Porcine nasal and lung macrophage subsets isolated by FACS and LCM show different transcriptomic profiles depending on tissue origin and location

Macrophages have a pivotal role during viral infections in pigs. By expressing cell surface receptors, macrophages become viral targets and reservoirs. In the case of upper respiratory tract infections, many viruses target the peripheral nasal mucosa. Recent in vivo and in vitro (primary nasal cell cultures) porcine reproductive and respiratory syndrome virus (PRRSV) studies demonstrated that several macrophage subsets exist in the porcine nasal mucosa, and that virus strains with different virulence showed altered tropism for these different macrophage populations. To further investigate these macrophage subsets, total RNA sequencing was performed in parallel on two subsets from the nasal mucosa and lung macrophages. Macrophages were isolated by either fluorescent activated cell sorting (FACS; cf. bulk RNAseq) or laser capture microdissection (LCM; cf. LCM RNAseq) in combination with immunofluorescence staining against two macrophage markers, CD163 and Sialoadhesin (Sn). With both RNAseq methods, nasal macrophages showed a different transcriptomic profile compared to lung macrophages. Differentially expressed genes were identified in the two subsets of nasal macrophages. Gene set enrichment analysis on the three macrophage populations showed that GO terms and KEGG pathways on LCM RNAseq data were more specific to the spatial location of macrophage subsets than bulk RNAseq data. Cell type signature analysis revealed that nasal CD163+Sn- cells resemble squamous epithelial cells (LCM RNAseq) or antigen presenting cells (bulk RNAseq) while nasal CD163+Sn+ cells are more like fibroblasts/stromal cells (LCM RNAseq) or vascular endothelial cell (bulk RNAseq). Our results confirmed that not only macrophages in different tissues but also macrophages in different areas within the same tissue have different transcriptional programs, suggesting their differential roles in their interaction with pathogens and corresponding immune responses.

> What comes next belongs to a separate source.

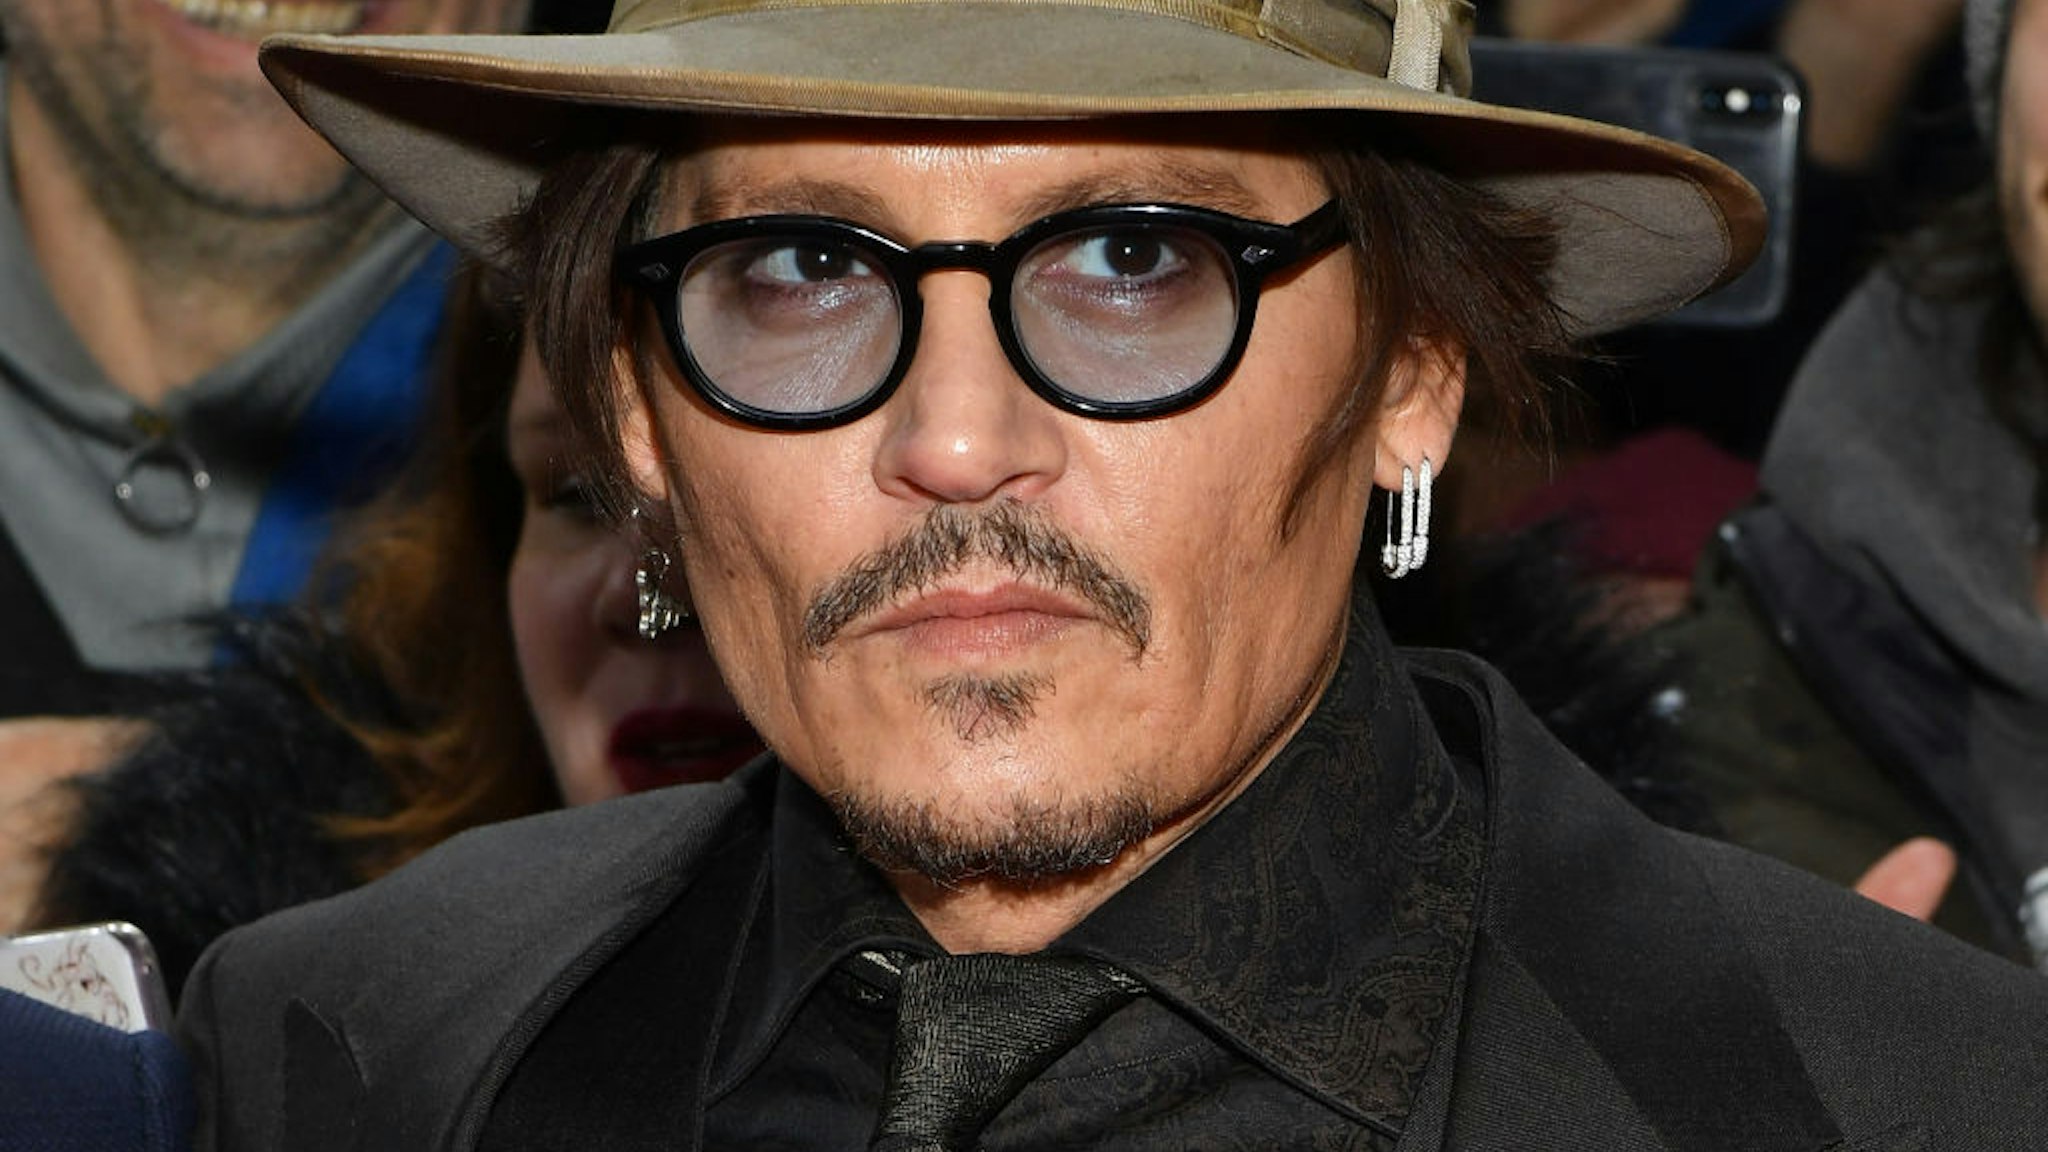 Johnny Depp poses at the "Minamata" premiere during the 70th Berlinale International Film Festival Berlin at Friedrichstadt-Palast on February 21, 2020 in Berlin, Germany.

巨噬细胞（Macrophages）在猪病毒感染过程中发挥关键作用。它们通过表达细胞表面受体，成为病毒的靶细胞与储存库。就上呼吸道感染而言，多种病毒会靶向外周鼻黏膜。近期针对猪繁殖与呼吸综合征病毒（PRRSV）开展的体内外（原代鼻细胞培养）研究显示，猪鼻黏膜中存在多种巨噬细胞亚群，且不同毒力的病毒株对这些巨噬细胞亚群的嗜性存在差异。为进一步探究这些巨噬细胞亚群，研究团队对鼻黏膜的两个巨噬细胞亚群以及肺脏巨噬细胞并行开展了总RNA测序。巨噬细胞的分离采用荧光激活细胞分选（FACS；参见批量RNA测序）或激光捕获显微切割（LCM；参见LCM RNA测序）联合针对两种巨噬细胞标志物CD163与唾液酸黏附素（Sn）的免疫荧光染色方法。两种RNA测序方法均显示，鼻黏膜巨噬细胞与肺脏巨噬细胞的转录组谱存在差异。研究人员在鼻黏膜巨噬细胞的两个亚群中鉴定出了差异表达基因。针对三类巨噬细胞群的基因集富集分析结果显示，相较于批量RNA测序数据，激光捕获显微切割RNA测序数据所对应的GO条目与KEGG通路更贴合巨噬细胞亚群的空间定位特征。细胞类型特征分析揭示：鼻黏膜CD163+Sn-细胞在激光捕获显微切割RNA测序结果中类似鳞状上皮细胞，在批量RNA测序结果中则对应抗原呈递细胞；而鼻黏膜CD163+Sn+细胞在激光捕获显微切割RNA测序结果中更接近成纤维细胞/基质细胞，在批量RNA测序结果中则更近似血管内皮细胞。本研究结果证实，不仅不同组织中的巨噬细胞，同一组织内不同区域的巨噬细胞也拥有独特的转录程序，这提示它们在与病原体互作及相应免疫应答中发挥着不同的作用。